Lanczos algorithm with matrix product states for dynamical correlation functions

The density-matrix renormalization group (DMRG) algorithm can be adapted to the calculation of dynamical correlation functions in various ways which all represent compromises between computational efficiency and physical accuracy. In this paper we reconsider the oldest approach based on a suitable Lanczos-generated approximate basis and implement it using matrix product states (MPS) for the representation of the basis states. The direct use of matrix product states combined with an ex post reorthogonalization method allows us to avoid several shortcomings of the original approach, namely the multitargeting and the approximate representation of the Hamiltonian inherent in earlier Lanczos-method implementations in the DMRG framework, and to deal with the ghost problem of Lanczos methods, leading to a much better convergence of the spectral weights and poles. We present results for the dynamic spin structure factor of the spin-1/2 antiferromagnetic Heisenberg chain. A comparison to Bethe ansatz results in the thermodynamic limit reveals that the MPS-based Lanczos approach is much more accurate than earlier approaches at minor additional numerical cost.

Figure 1

Comparison of the convergence of the excitation energies and spectral weights for pseudomomentum $k=\pi$ as function of Lanzcos iterations for the spin-$\frac{1}{2}$ Heisenberg chain.

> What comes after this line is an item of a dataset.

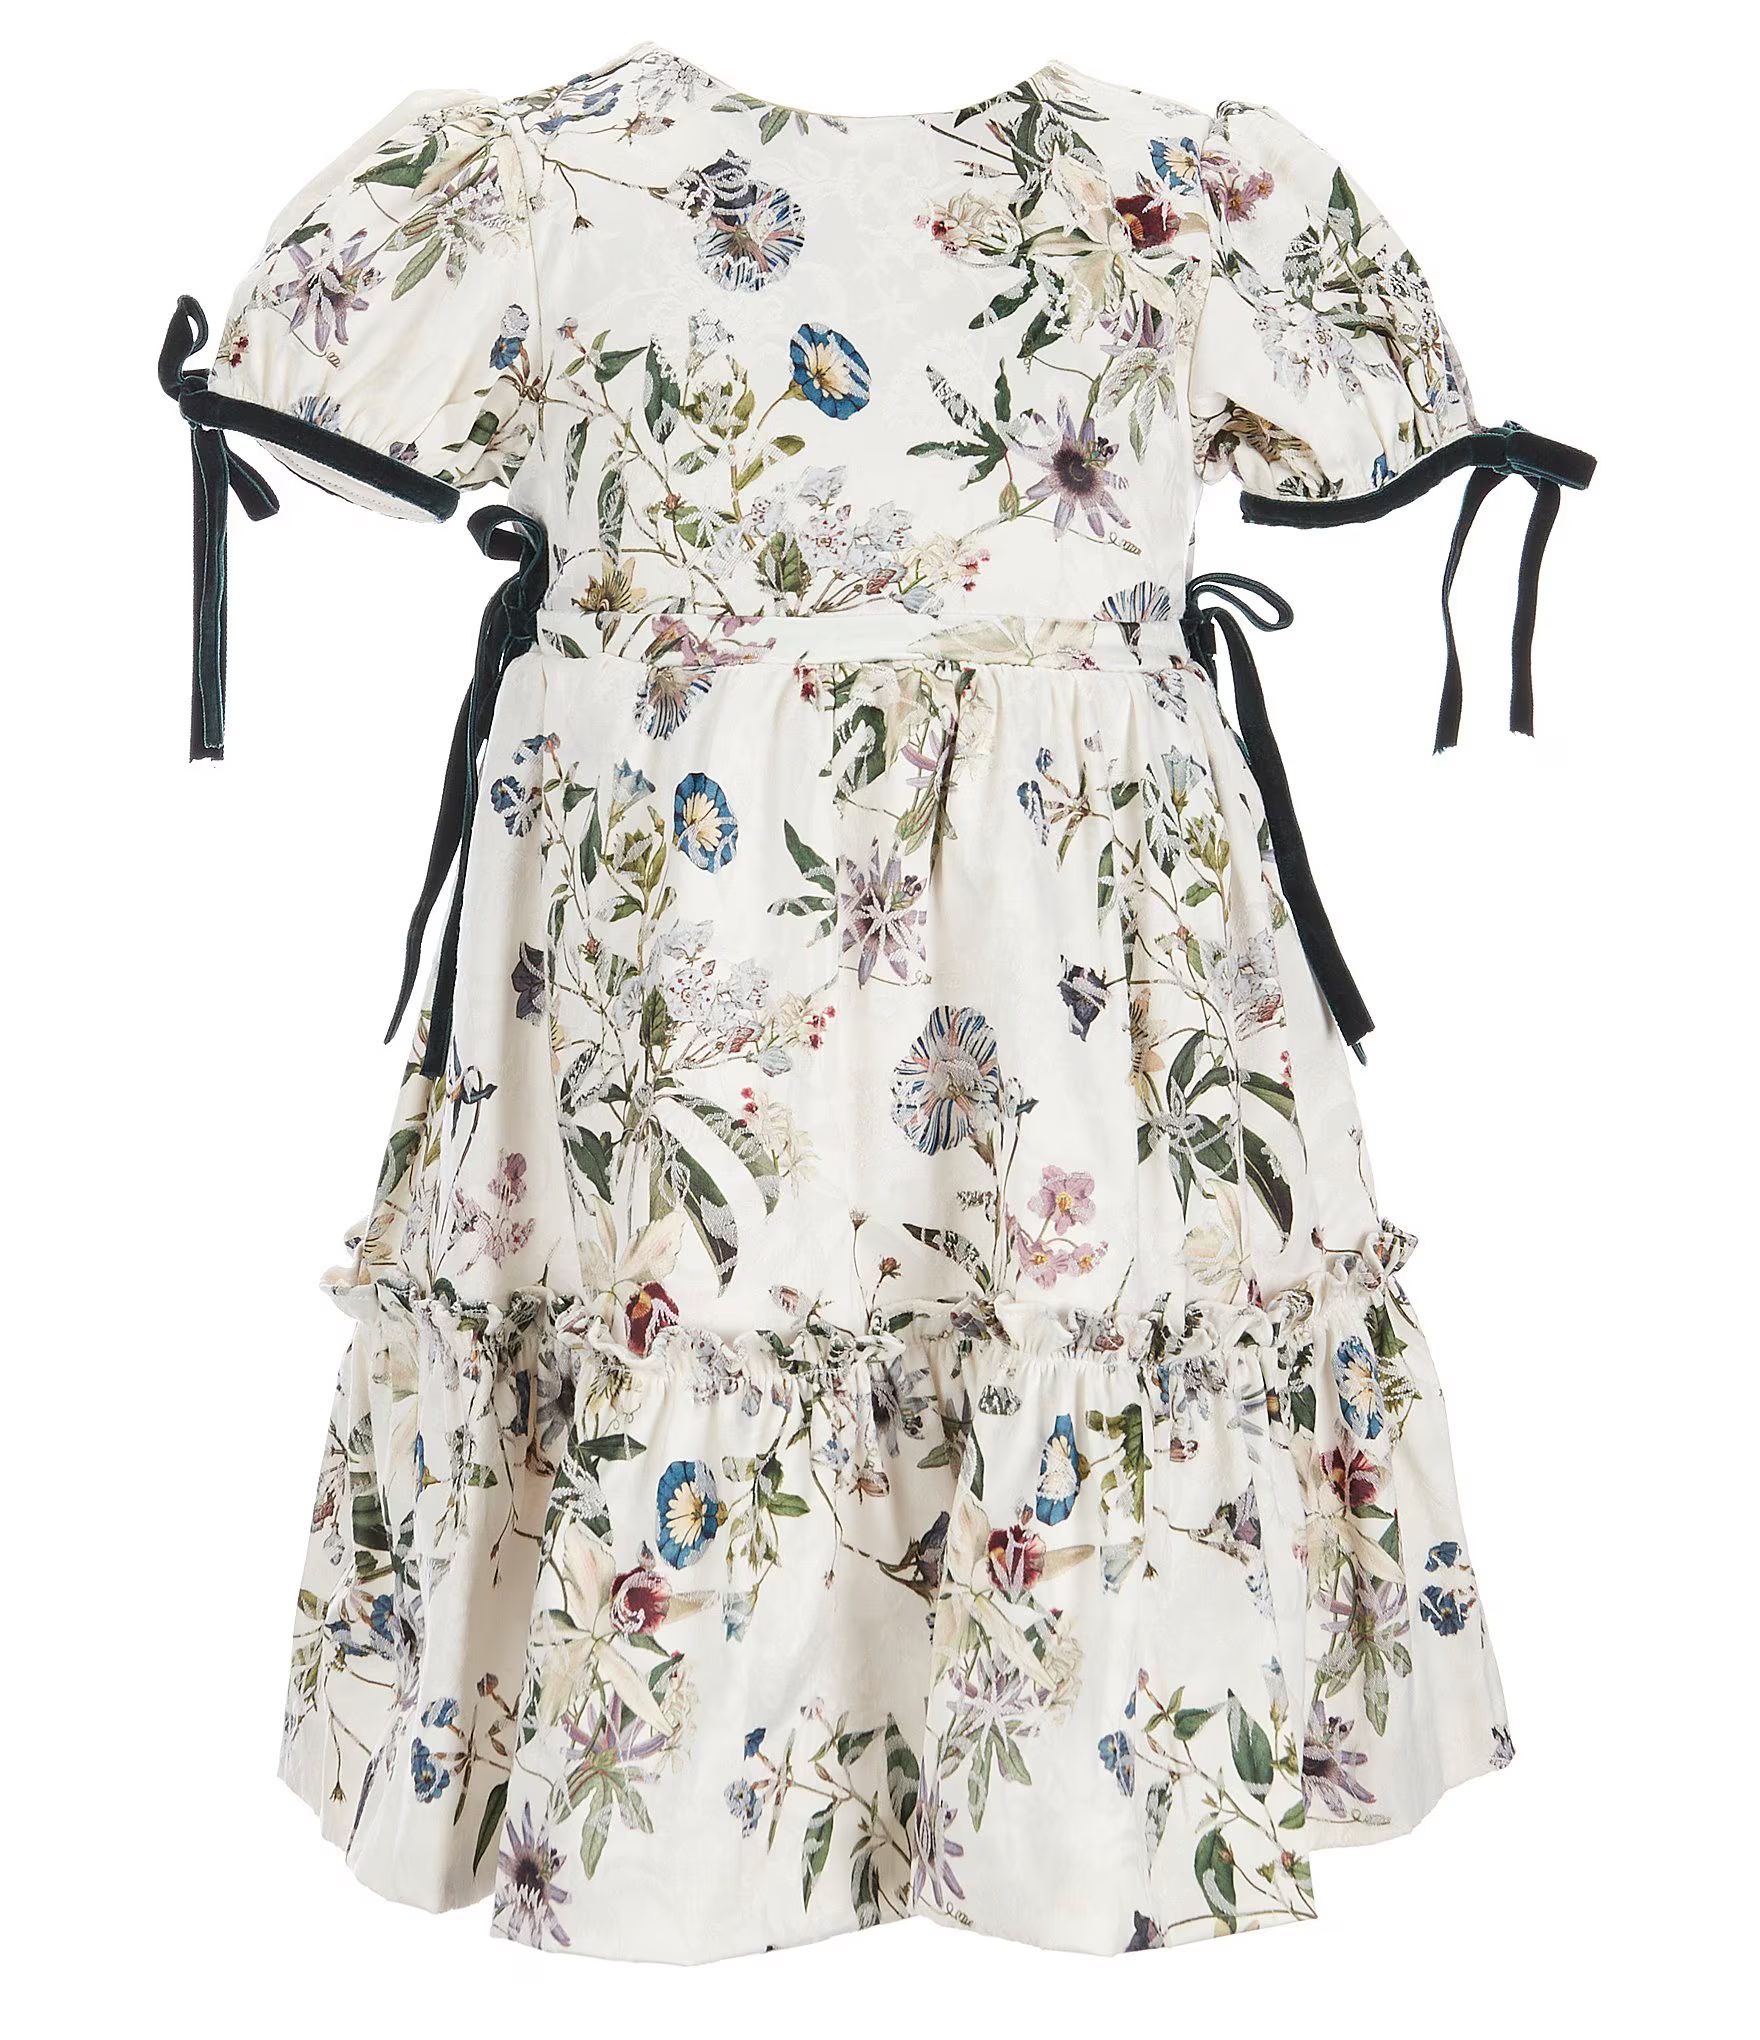 x Nicola Bathie Little Girls 2T-4T White Floral Dress | Dillards

The upper panel shows the behavior for the scheme without any reorthogonalization, the lower panel the new scheme. Calculations were done for a chain of length $L=32$ (obc), maximal MPS matrix dimension $M=512$.

Figure 2

The relative error of the first three spectral poles ($k=\pi$, pbc) calculated with the MPS Lanczos method in comparison to the two-spinon excitations from the Bethe ansatz for different system sizes (upper panel) and for $L=32$ for different maximal MPS matrix dimension $M$ (lower panel). The ground state (GS) error is also shown.

Figure 3

Dynamical correlation function for $k=\pi$ for open (upper panel) and periodic boundary (lower panel) conditions. The spectral weights/poles are chosen by the minimal residual scheme.

Figure 4

Rescaled dynamical structure factor $\omega S(k,\omega )$ for $k=\pi$ and periodic boundary conditions. This figure is based on the same data as in Fig. 3.

Figure 5

Rescaled dynamical structure factor $\omega S(k,\omega )$ for $k=\pi$ and open boundary conditions with a Lorentzian broadening of $\eta =0.1$.

Figure 6

Dynamical structure factor $\omega S^{+}(\omega ,k)$ for $k=\pi$ and open boundary conditions with a Lorentzian broadening of $\eta =0.1$, obtained in a standard Lanczos approach (with various numbers of target states $N_L$) and in the correction vector approach; reproduced from Fig. 8 of Ref. 16. Note that due to different schemes of dealing with the open boundary conditions results relate to those in Fig. 5 only up to a proportionality constant.

Figure 7

Dynamical correlation function for $k=\pi /2$ for periodic boundary conditions and $M=512$. The spectral weights/poles are chosen by the minimal residual scheme.